Тахиров был в недоумении. Осуждает его Поладов или нет?
— Товарищ Поладов! Какой бы приказ ни отдала мне партия, клянусь его выполнить. Даю слово, что нарушений закона допускать больше не буду. Но работать с Сарыбековым тоже не могу.
— А если партия потребует от тебя именно этого?
Тахиров промолчал.
— Почему ты признался, что угрожал Мурзебаю?
— Неужели я из трусости должен отказываться от своих слов? Не только угрожал, но и готов был пристрелить его. Но не сделал этого сразу, а потом уже не мог. Ведь он был безоружен.
По лицу Поладова Тахиров понял, что его объяснение пришлось по душе секретарю райкома.
— Это хорошо, что ты не боишься говорить правду. И признавать свои ошибки тоже. Плохо, что тебе ничего не стоит оскорбить товарища. Вот и Сарыбекова ты тоже обидел ни за что.
— Товарищ Поладов! Если хотите сделать доброе дело, отпустите меня на учебу. Знаний не хватает.
— Понимаю тебя, товарищ Тахиров. И то, что тяжело тебе, тоже понимаю. Хорошо, что ты тянешься к учебе. При первой возможности удовлетворим твою просьбу. Но… не сейчас. Поработай еще немного. Сейчас мы не можем отпустить из района ни одного человека. Особенно такого опытного милиционера, как ты.

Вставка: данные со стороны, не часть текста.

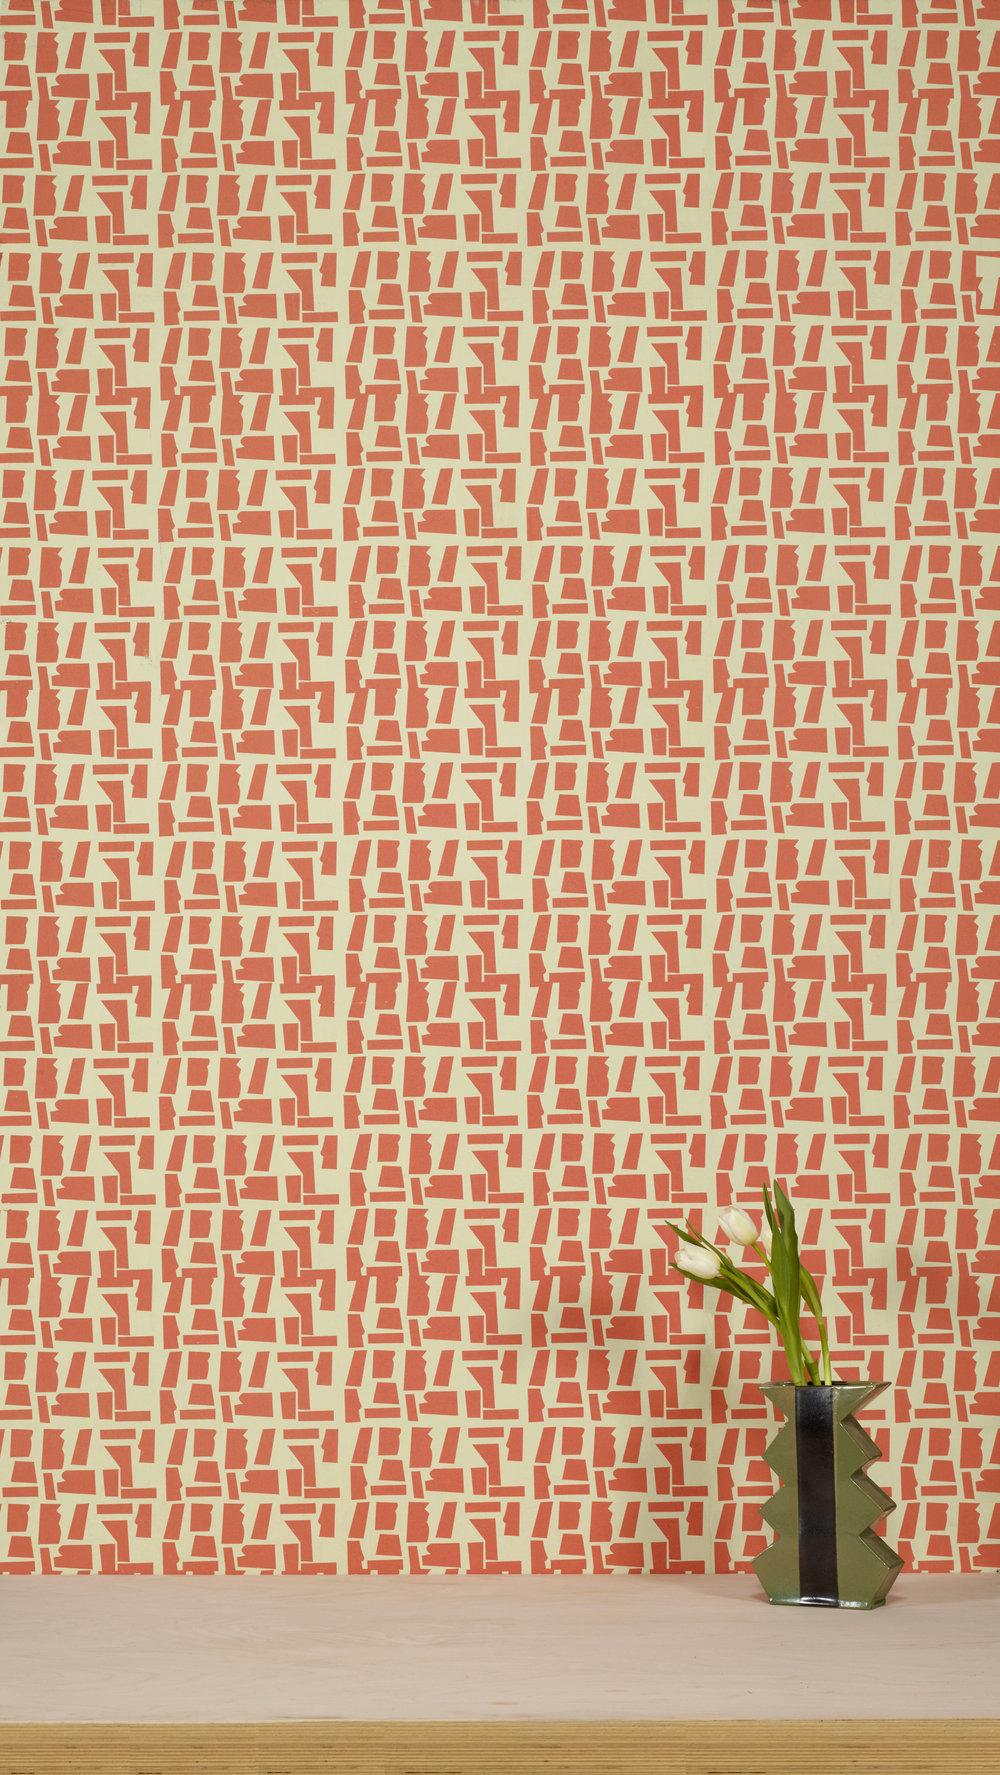 wolfum rana orange 2 wallpaper.jpg

— Это приказ партии, товарищ Поладов?
— Да, Айдогды. И моя просьба тоже.
* * *
Каждый раз, приезжая по делам в Говшут, Тахиров останавливался у Бекназара. Вот и сегодня он привязал коня во дворе Бекназара и отправился искать человека, непрерывно тревожившего район своими жалобами на соседей.
Жалобщиком оказался благообразный старик. Но стоило заговорить с ним о соседях, как добродушное лицо старика исказилось злостью.
— Я пишу правду, — твердил он.
— Возможно, — сказал Тахиров как только мог миролюбиво. — Но согласитесь, яшули, что было бы лучше найти путь, как жить с соседями в мире и согласии. Разве не так?
Старик вздохнул.
— Почему ты не приезжал раньше? Может, мы и помирились бы тогда с соседями, ей-богу. Началось-то все с пустяков… сначала внуки подрались, потом дети стали косо поглядывать. И пошло все вкривь и вкось. До того дошло, что вчера уже за ножи схватились… чуть резню не устроили. А ведь когда-то дружили…
— Хотите, я поговорю с соседями, яшули? Пока дело еще не зашло слишком далеко?